* EXCERPTED DATA *
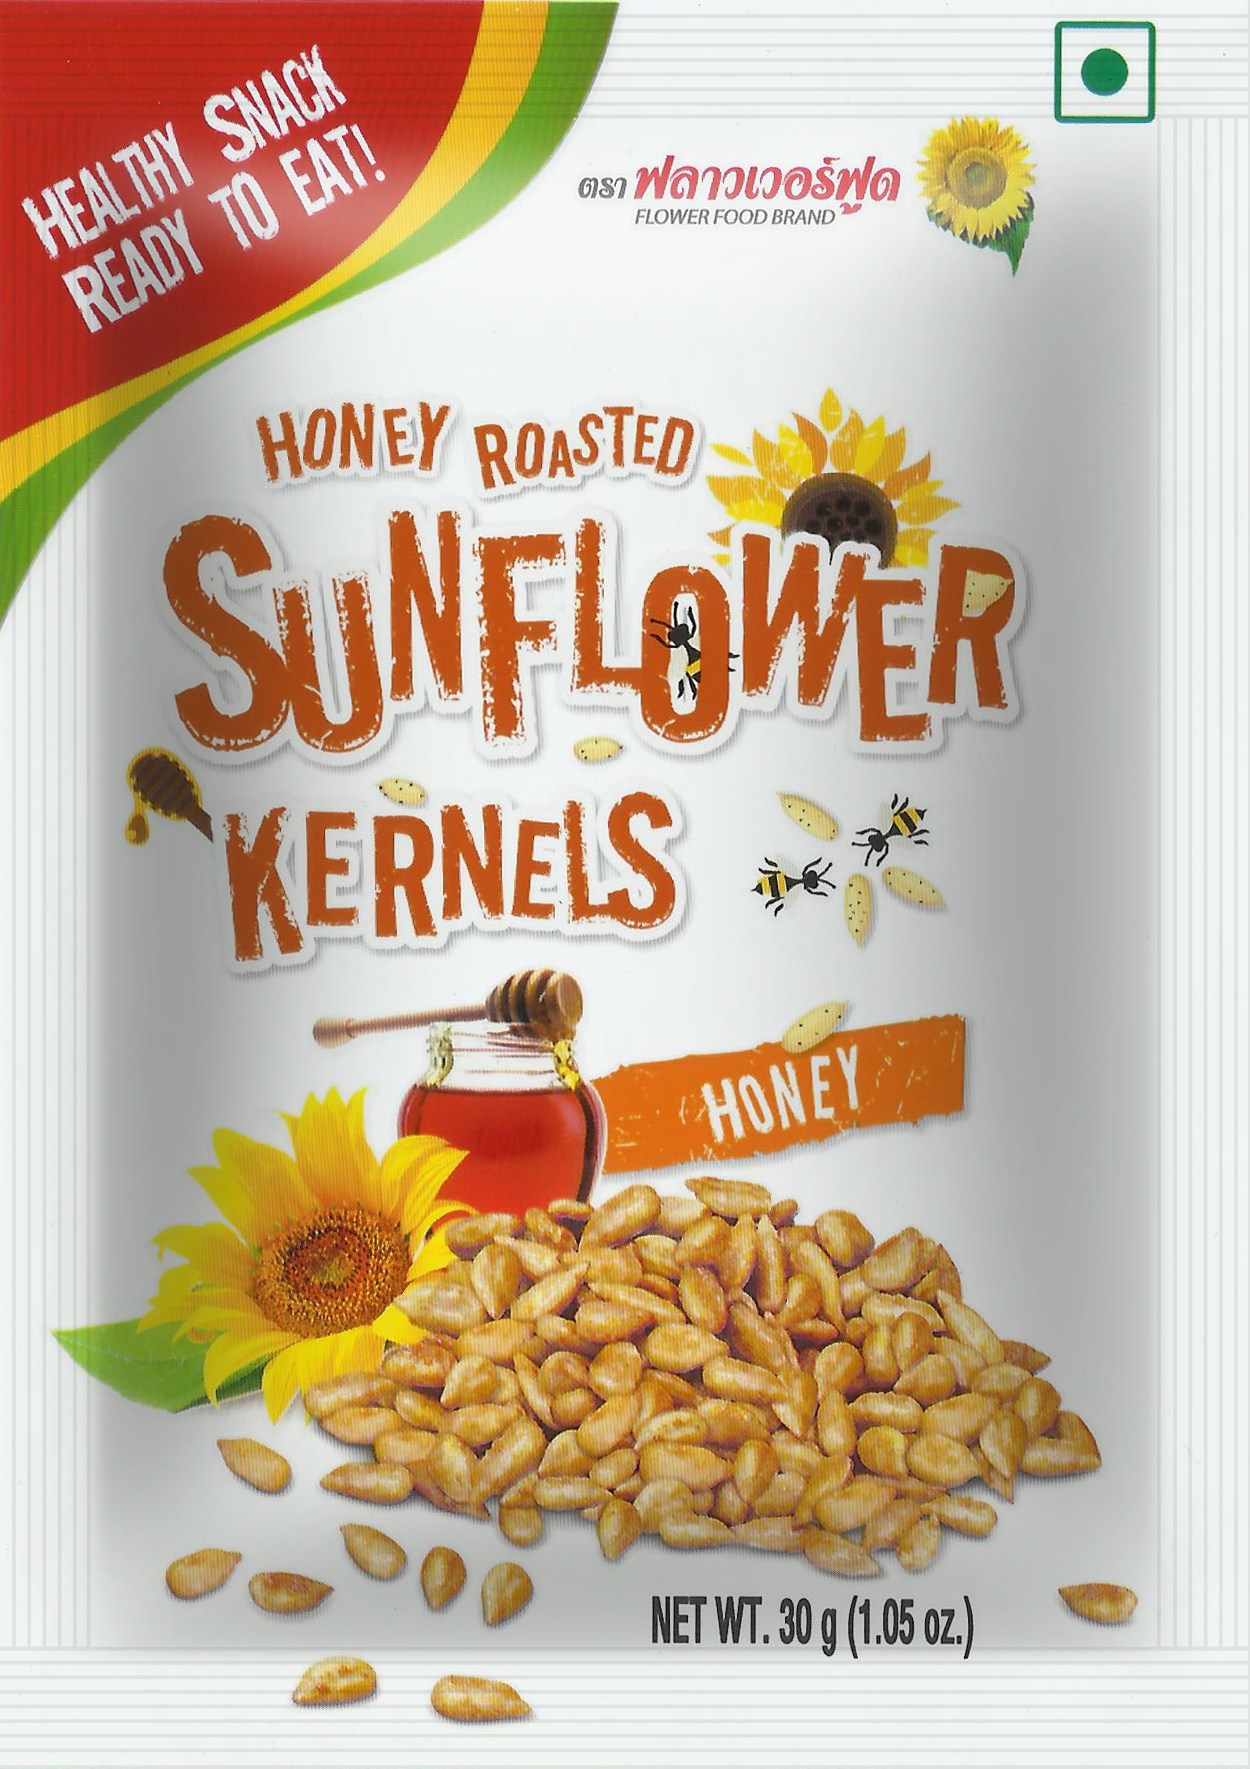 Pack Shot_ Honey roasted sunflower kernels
* * *
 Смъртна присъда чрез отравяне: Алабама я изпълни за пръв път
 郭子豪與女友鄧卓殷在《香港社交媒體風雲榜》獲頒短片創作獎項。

* WORK TO BE COMPLETED *
Would you copy, unchanged, the stretch of the records above that begins at the line containing "Смъртна присъда чрез" and ends at the line containing "郭子豪與女友鄧卓殷在《香港社交媒體風雲榜》獲頒短片創作獎項。", and only that?

* RESPONSE TO THIS TASK *
 Смъртна присъда чрез отравяне: Алабама я изпълни за пръв път
 郭子豪與女友鄧卓殷在《香港社交媒體風雲榜》獲頒短片創作獎項。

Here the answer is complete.